PD Dr. Patricia Hertel

PD Dr. Patricia Hertel

Forschungsschwerpunkt: Zirkulationen und sozio-politische Räume

E-Mail

patricia.hertel@cmb.hu-berlin.de

Disziplin

Geschichte

VITA

Biografie

Patricia Hertel is Privatdozentin at the University of Basel and associated researcher in the reasearch area “Circulations”. She is a historian for nineteenth and twentieth century Europe with a focus on transnational and cultural history. Her current research project deals with the transformation of professional travel in the age of aviation.

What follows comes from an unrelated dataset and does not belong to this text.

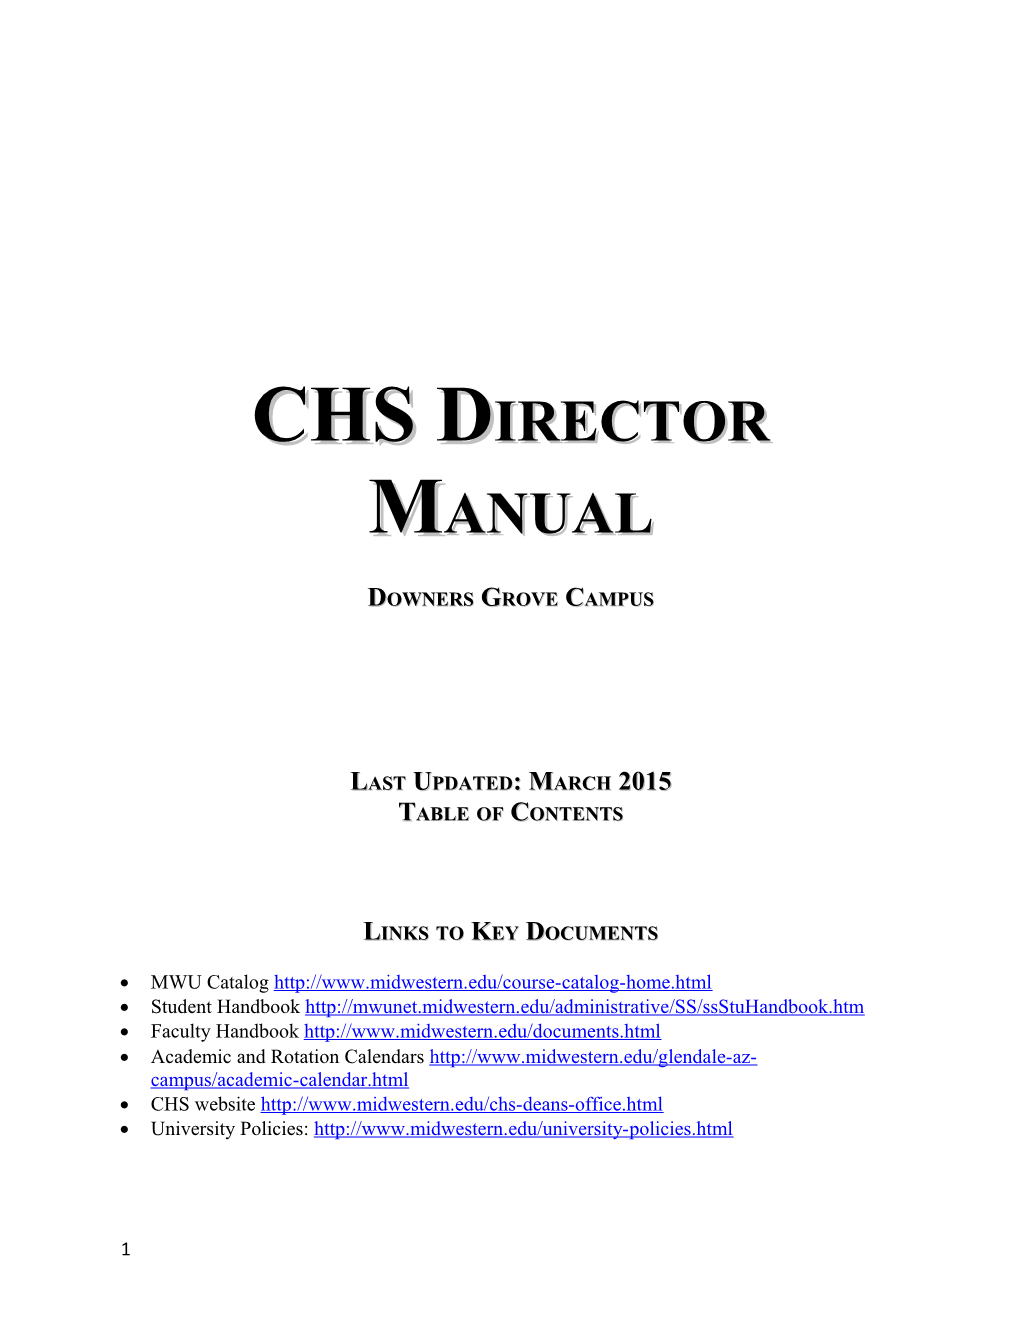 CHS Director Manual

After a training as a publishing manager, she concluded a Magister degree in German Philology, History, and Portuguese Philology at the Ludwig Maximilian University in Munich, as well as a training as a journalist. She earned a PhD degree at the University of Fribourg (Switzerland) with a PhD thesis on the memory of the Islamic Middle Ages in nineteenth and twentieth century nationalism on the Iberian Peninsula (published in German and English). Thanks to a two-year postdoctoral fellowship from the Swiss National Science Foundation (SNSF), she conducted research as a visiting scholar at King’s College London, the German Historical Institute London, the Universidad Complutense de Madrid, and the Universitat de València. In 2023, she completed a habilitation degree at the University of Basel with her second book: Europe’s Favourite Dictatorships: Southern Authoritarianism, Tourism, and the “Free West.” From 2021 to 2025, she was a researcher at the Centre Marc Bloch Berlin, where she continues to be an associated researcher. In the academic year 2023/2024, she held the position of guest professor for Global History at the Freie Universität Berlin, replacing Professor Michael Goebel. Since 2010, she has held positions as a lecturer in the history of the nineteenth and twentieth centuries and in academic writing at various universities (Basel, St. Gallen, Lucerne, and Fribourg/Switzerland).

 

Mutterinstitut:

University of Basel

FORSCHUNG

Forschungsthemen

• European history of the nineteenth and twentieth centuries
• Travel and mobility
• Uses of infrastructures
• International relations
• Spatial concepts, “mental maps”
• Memory studies
• Dictatorial and authoritarian regimes
• Nationalism, notions of identity

Forschungsprojekt

Air Travel and the Transformation of the Modern Business World, 1920s–1990s

The possibility of travelling by air profoundly changed the way the world does business. Being able to cover longer distances in shorter times altered workflows in production and distribution for international corporations as well as the frequency, location, and length of meetings and business trips. In turn, air travel triggered new business models, and companies arose whose very existence was subject to this capability. Overall, the modern business world became increasingly dependent on air travel, with a social spectrum ranging from the sales representatives of medium-sized companies to a cosmopolitan elite eventually becoming what sociologist Richard Senett has described as “Davos Men”.  With cultural historical methods, this project analyses how air travel, along with modern communication technologies, transformed international business relations. Air travel for professional purposes was, as the project argues, an important factor for creating and distinguishing a new type of middle and upper class in Europe and beyond. It triggered dynamics both of connections between groups of people as well as the marginalisation of others. Studying the practices and conventions around air travel in business relations serves as a perspective on how international and global mobility transformed business milieus in the twentieth century.